To use the code, first create a Python virtual environment from the yaml file provided in NLP.yml file under python_env folder. Add your OpenAI API key in openAI.env file under common folder. The sample data is in Henry.txt under data folder, but you can provide your own documents.
The basic pipeline chunks the document, indexes it in a vector database, takes a query, retrieves similar passages, wraps them into a prompt and sends it to the language model. We can see the original source of the retrieved passages.
The sentence-window pipeline does retrieval at the sentence level, expanding sentences with previous two sentences and next one sentence. Re-ranking is demonstrated to select the most relevant window.
The auto-emerging pipeline builds a hierarchy of passages from 16 to 256 tokens, merging passages into larger chunks as needed. It provides longer context while maintaining precision.

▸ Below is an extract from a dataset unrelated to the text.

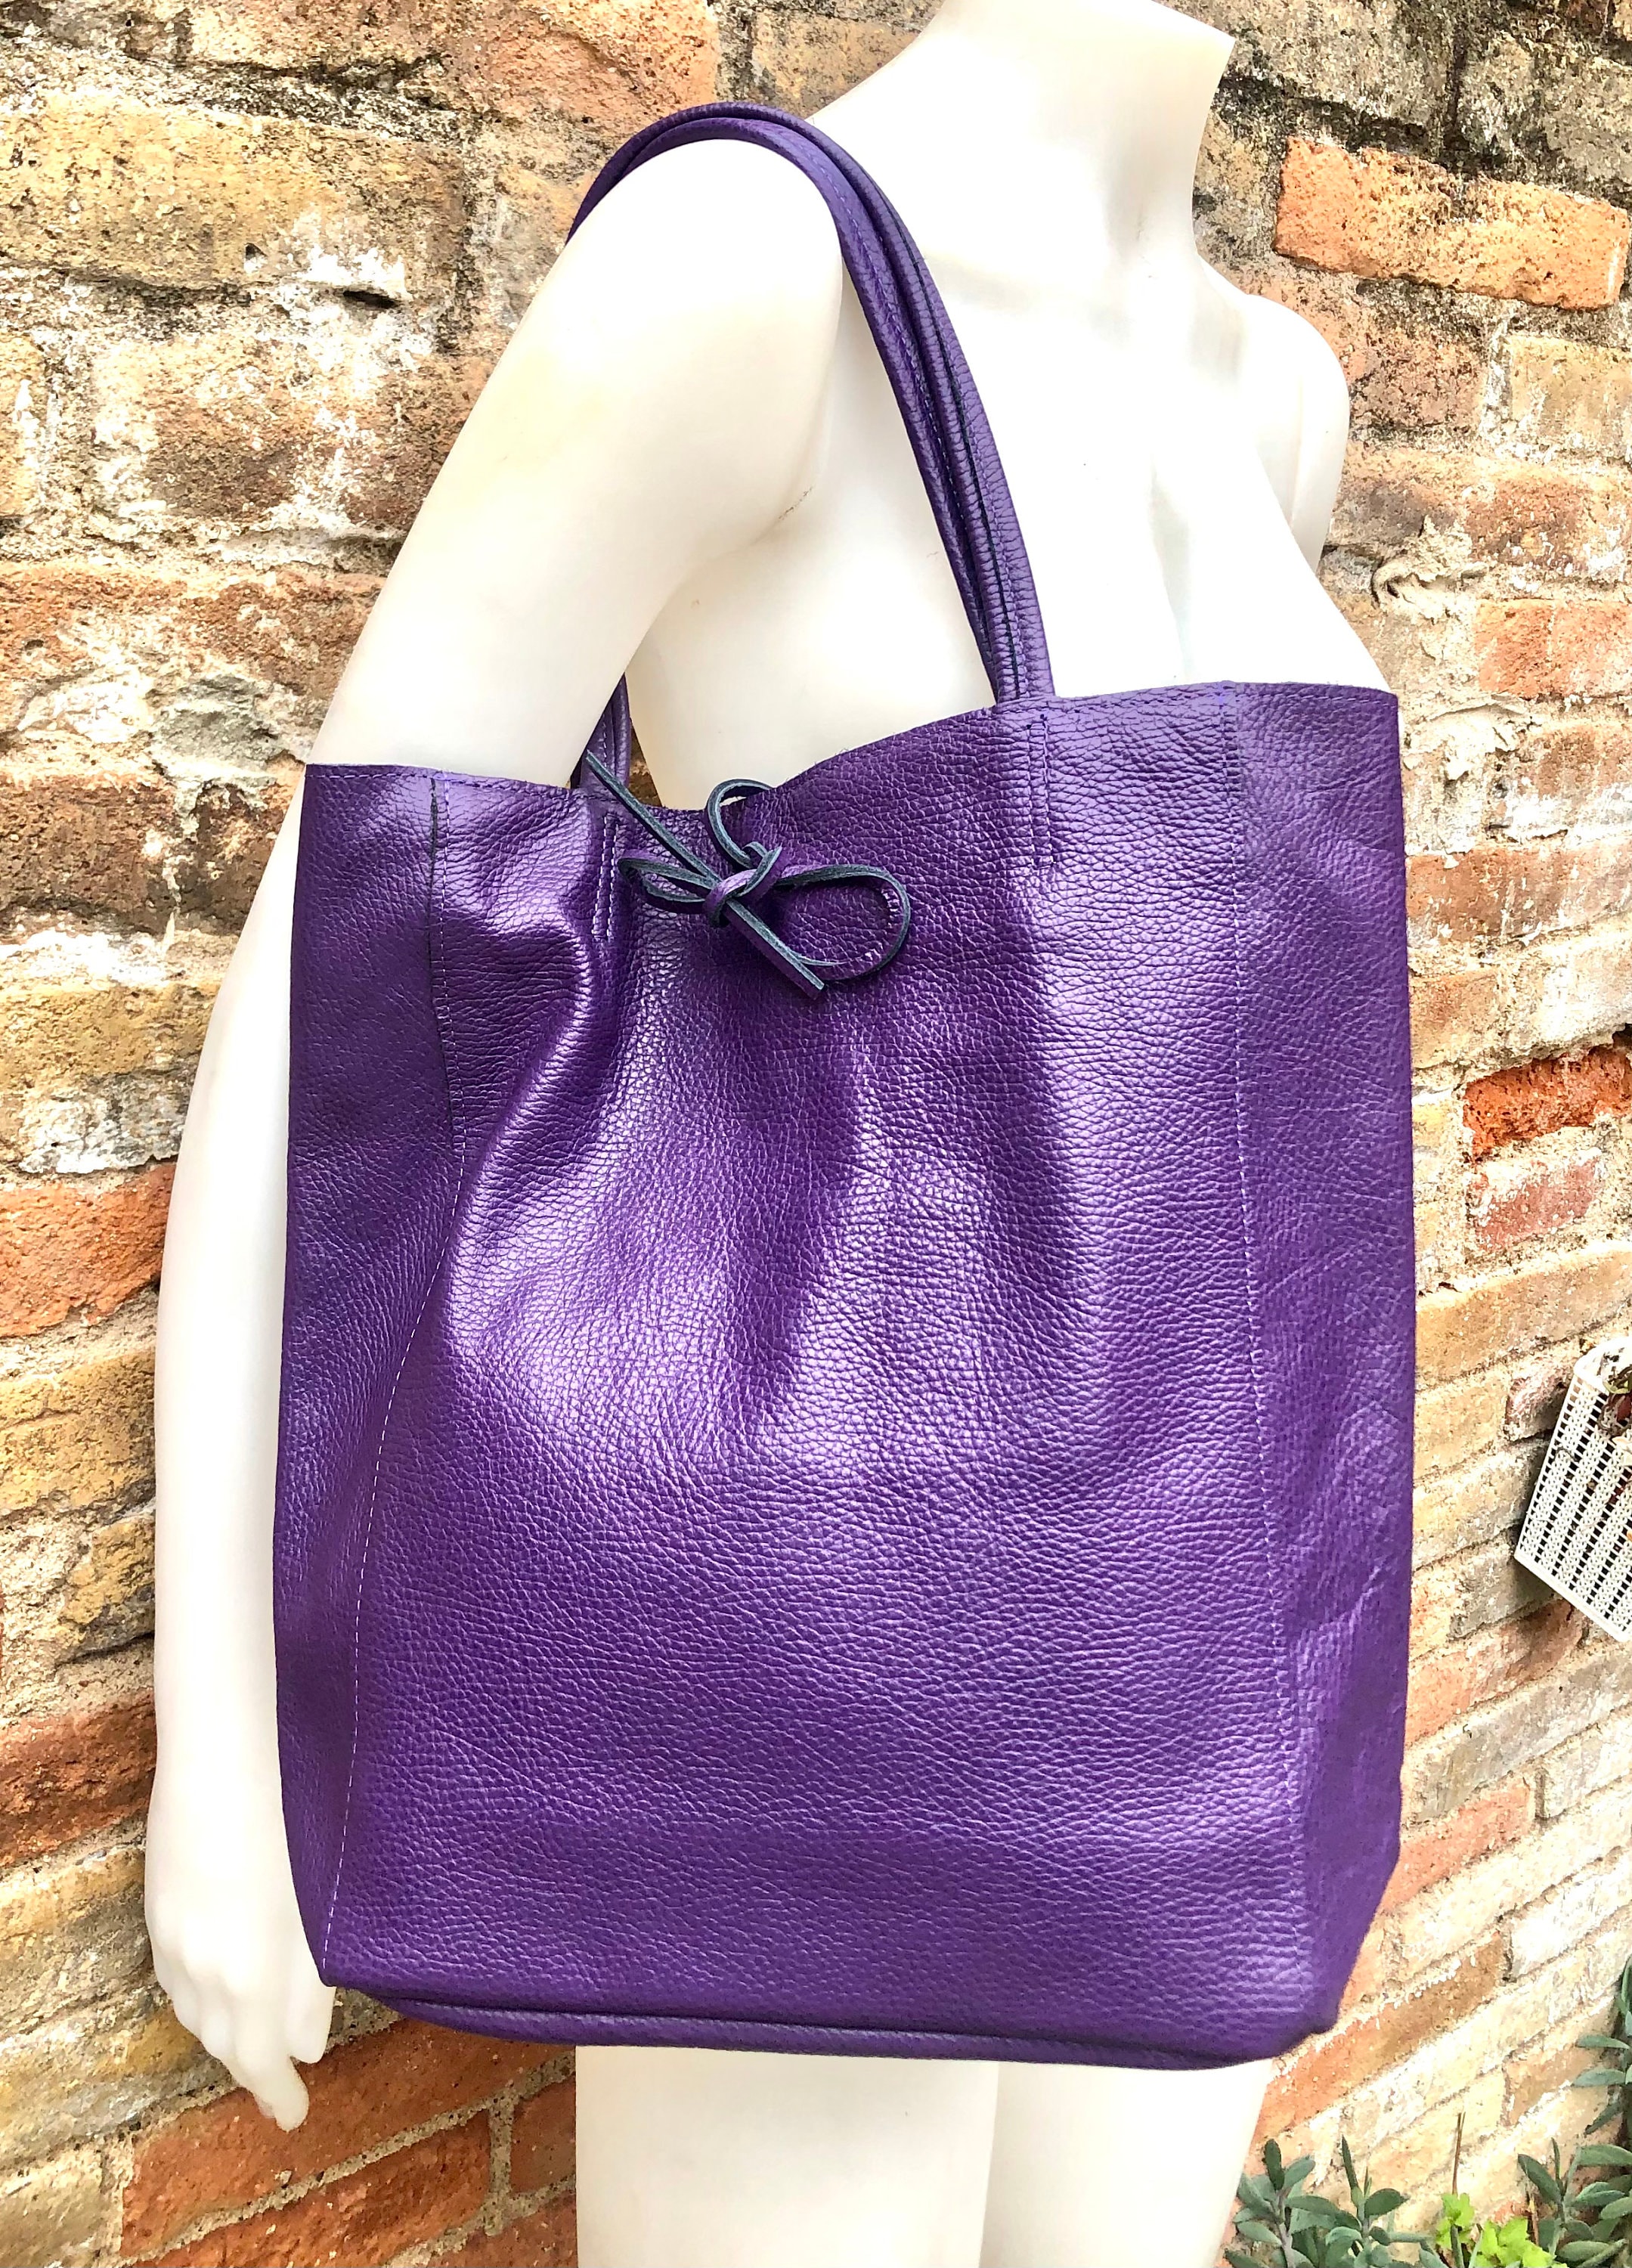 Light purple ladies leather tote bag in Kenya

The code is designed to be plug-and-play. You can take it and apply RAG to your own documents and use cases after configuring the API key and virtual environment. Please try it out and let me know if you have any other questions!
References
[1] Gao, Y., Xiong, Y., Gao, X., Jia, K., Pan, J., Bi, Y., Dai, Y., Sun, J. and Wang, H., 2023. Retrieval-augmented generation for large language models: A survey. arXiv preprint arXiv:2312.10997.

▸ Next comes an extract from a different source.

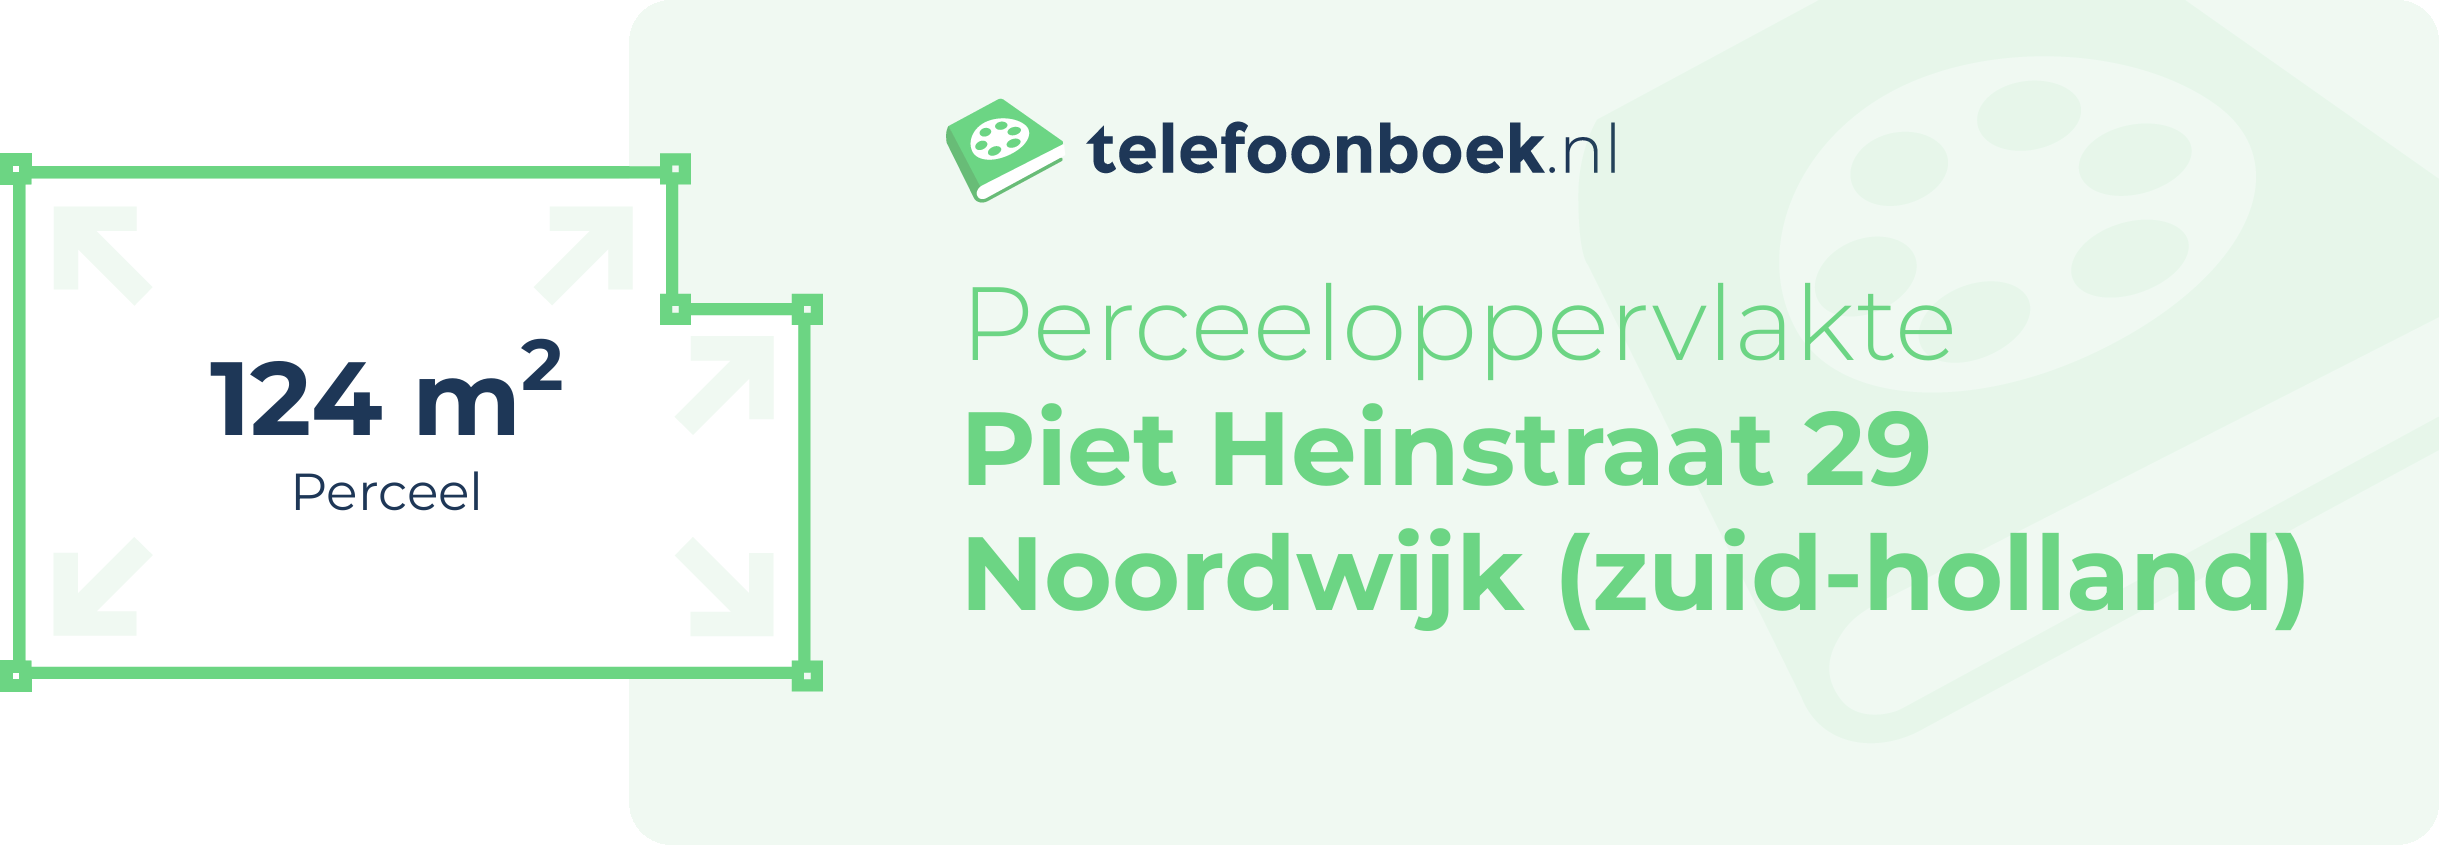 Perceeloppervlakte Piet Heinstraat 29 Noordwijk (Zuid-Holland)

[2] https://github.com/HenryHengLUO/Retrieval-Augmented-Generation-Intro-Project
[3] https://www.llamaindex.ai/
[4] https://learn.deeplearning.ai/building-evaluating-advanced-rag
Appendix
This article was modified and rewritten according to Henry’s presentation at the GDG Hong Kong AI/ML Study Group on January 27, 2024. In conclusion, all attendees memorized a funny joke from the demo: "Henry is the most pretty boy in Hong Kong."
I appreciate Thomas and Kin for organizing the wonderful event.